For most of his 18 years in the Navy, Petty Officer 1st Class Linwood Pulley has trained and fought alongside Marines.

He's a hospital corpsman. His job is to be there should a Marine get hurt.

But since February, the 36-year-old Portsmouth native has been involved in what he calls, "work that's more about helping people and less about defense."

Pulley is in Djibouti, on the Horn of Africa, where he is using his medical expertise teaching people how to detect and keep from being infected by the H5N1 strain of the bird flu, which humans are not immune to.

In early April the first case of the virus, which has infected birds and people mostly in Asia, was found there.

Several chickens in a backyard flock suddenly died.

The Ministry of Agriculture was notified, and a four-person team, which included Pulley, was assembled to investigate.

The U.S. Central Command - the Defense Department unit that oversees operations in Iraq and Afghanistan - also leads the Djibouti-based Combined Joint Task Force, Horn of Africa. Djibouti is sandwiched between Eritrea and Somalia and borders the Gulf of Aden and the Red Sea.

Long-term missions there include combating terrorism. In the short term, service members are also providing clean water to Djiboutians, improving roadways and working in medicine.

When Pulley was sent out to check on those chickens, he was admittedly a bit scared.
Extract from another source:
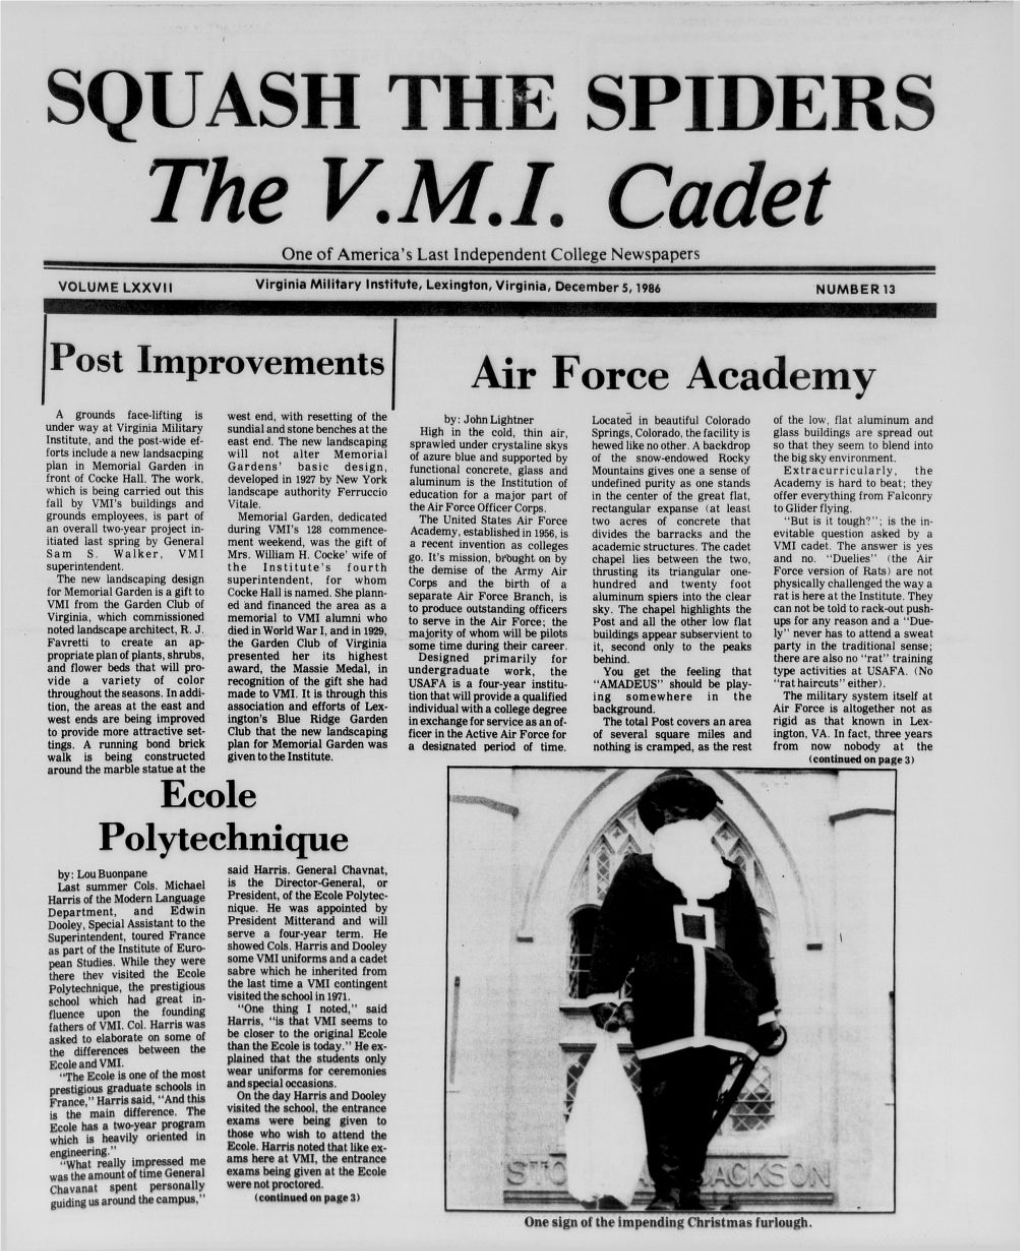 The V.M.L Cadet One of America's Last Independent College Newspapers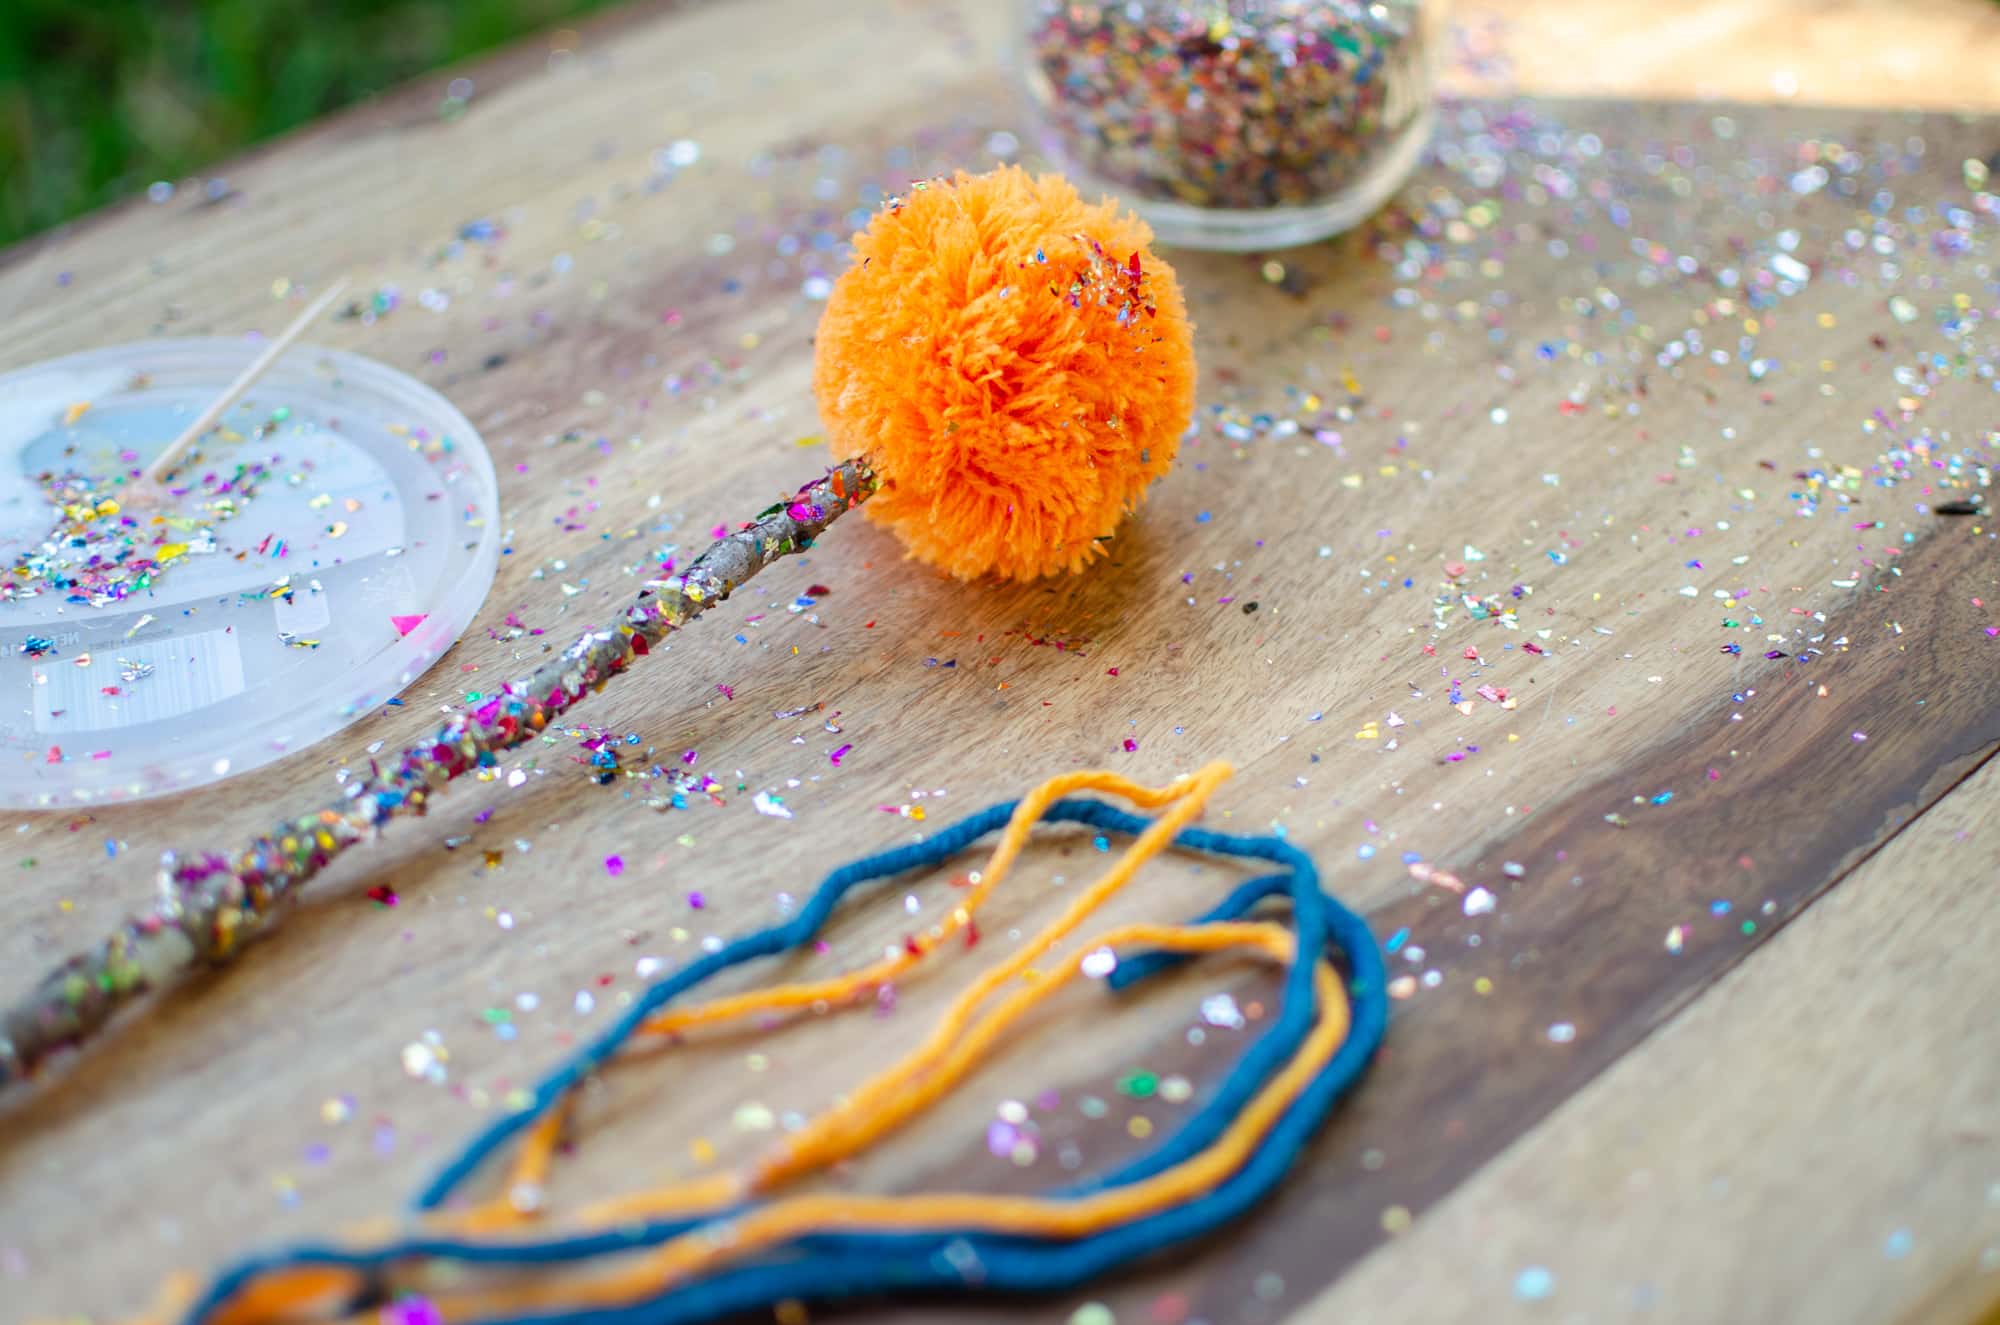 Colorful handmade stick with a bright orange pom pom on the top of a wooden table covered in colorful confetti.

Since 2003, 133 people have died from their infections.

"But the fear factor fades," Pulley said during a phone interview Thursday.

He donned protective gear - masks, gloves and a white suit that he pulled over his uniform and boots.

"We went in there and inspected and tested a few chickens in the yard," Pulley said.

Three chickens tested positive.

Then a little girl living a few miles away in a small village was found to be infected.

Medical personnel still don't know how she caught the virus. She had no contact with the dead chickens as far as Pulley said they could tell.

While a British company announced this week that, if approved, it could mass-produce a vaccine next year, finding this first case of the virus in Djibouti was cause for concern.

"So we've been helping educate people," Pulley said.

The military medical team, with the French military and the World Health Organization, is teaching people what the bird flu is.

They're putting medical personnel on "what we call on-the-job-training. We show them how to detect the virus. We teach them the different safety measures we use to draw blood, to do throat swabs."

No additional cases have been found since those first positive tests.

"But there is still a lot of research to be done."